DNA mechanical properties play a critical role in every aspect of DNA-dependent biological processes. Recently a high throughput assay named loop-seq has been developed to quantify the intrinsic bendability of a massive number of DNA fragments simultaneously. Using the loop-seq data, we develop a software tool, DNAcycP, based on a deep-learning approach for intrinsic DNA cyclizability prediction. We demonstrate DNAcycP predicts intrinsic DNA cyclizability with high fidelity compared to the experimental data. Using an independent dataset from in vitro selection for enrichment of loopable sequences, we further verified the predicted cyclizability score, termed C-score, can well distinguish DNA fragments with different loopability. We applied DNAcycP to multiple species and compared the C-scores with available high-resolution chemical nucleosome maps. Our analyses showed that both yeast and mouse genomes share a conserved feature of high DNA bendability spanning nucleosome dyads. Additionally, we extended our analysis to transcription factor binding sites and surprisingly found that the cyclizability is substantially elevated at CTCF binding sites in the mouse genome. We further demonstrate this distinct mechanical property is conserved across mammalian species and is inherent to CTCF binding DNA motif.

References

  1. BMC Bioinformatics. 2017 Dec 1;18(Suppl 13):478 [PMID: 29219068]
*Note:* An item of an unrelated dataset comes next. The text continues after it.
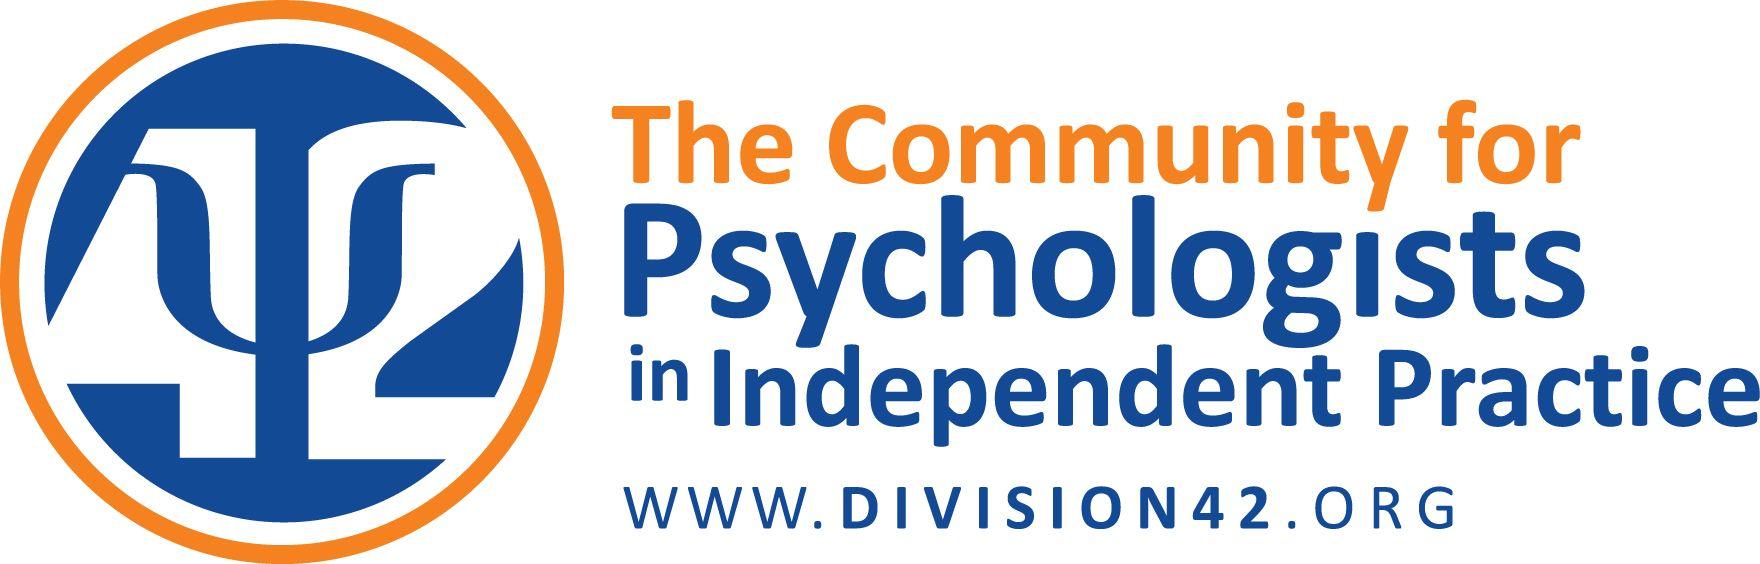 Apa.org Logo - APA Division 42 Psychologists in Independent Practice |

  2. Nucleic Acids Res. 2012 Apr;40(7):2862-8 [PMID: 22156372]
  3. Nucleic Acids Res. 2016 Jun 20;44(11):e107 [PMID: 27084946]
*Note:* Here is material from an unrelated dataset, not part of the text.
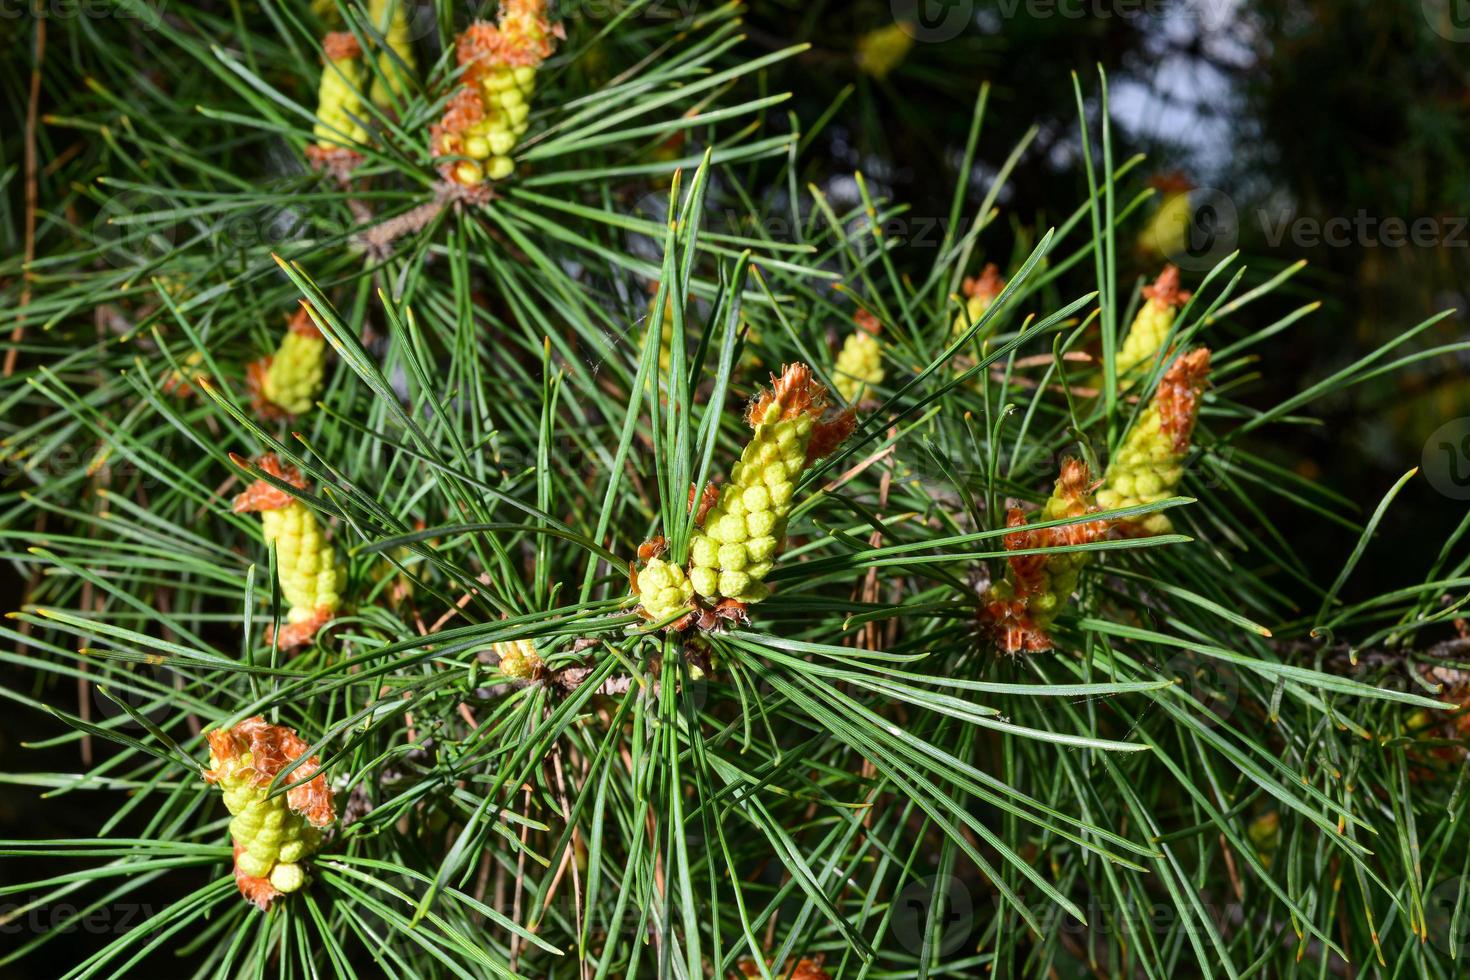 Young shoots on the branches of a pine tree in the spring season photo

  4. Nucleic Acids Res. 2011 Nov 1;39(20):8740-51 [PMID: 21775342]
  5. Mol Cell. 2004 May 7;14(3):355-62 [PMID: 15125838]
  6. Cell. 2008 Jun 13;133(6):1106-17 [PMID: 18555785]
  7. Nat Rev Genet. 2020 Jan;21(1):5-26 [PMID: 31636414]
  8. Proc Natl Acad Sci U S A. 1998 Sep 15;95(19):11163-8 [PMID: 9736707]
  9. Nature. 2012 Jun 28;486(7404):496-501 [PMID: 22722846]
  10. Biophys J. 2019 Dec 3;117(11):2217-2227 [PMID: 31521330]
  11. Bioessays. 1993 Jan;15(1):25-32 [PMID: 8466473]
  12. Proc Natl Acad Sci U S A. 2010 Aug 31;107(35):15421-6 [PMID: 20702767]
  13. Curr Opin Struct Biol. 2020 Oct;64:42-50 [PMID: 32615513]
  14. Genome Res. 2020 Dec 18;: [PMID: 33355297]
  15. Proc Natl Acad Sci U S A. 1981 Aug;78(8):4833-7 [PMID: 6272277]
  16. Nucleic Acids Res. 2018 Jun 20;46(11):e69 [PMID: 29617928]
  17. BMC Bioinformatics. 2018 Nov 20;19(Suppl 14):418 [PMID: 30453896]
  18. Cell. 2016 Dec 1;167(6):1555-1570.e15 [PMID: 27889238]
  19. Biopolymers. 2015 Jun;103(6):303-20 [PMID: 25620396]
  20. BMC Genomics. 2013 Jun 10;14:391 [PMID: 23758892]
  21. Nature. 1986 May 22-28;321(6068):449-50 [PMID: 3713816]
  22. Sensors (Basel). 2020 Dec 08;20(24): [PMID: 33302459]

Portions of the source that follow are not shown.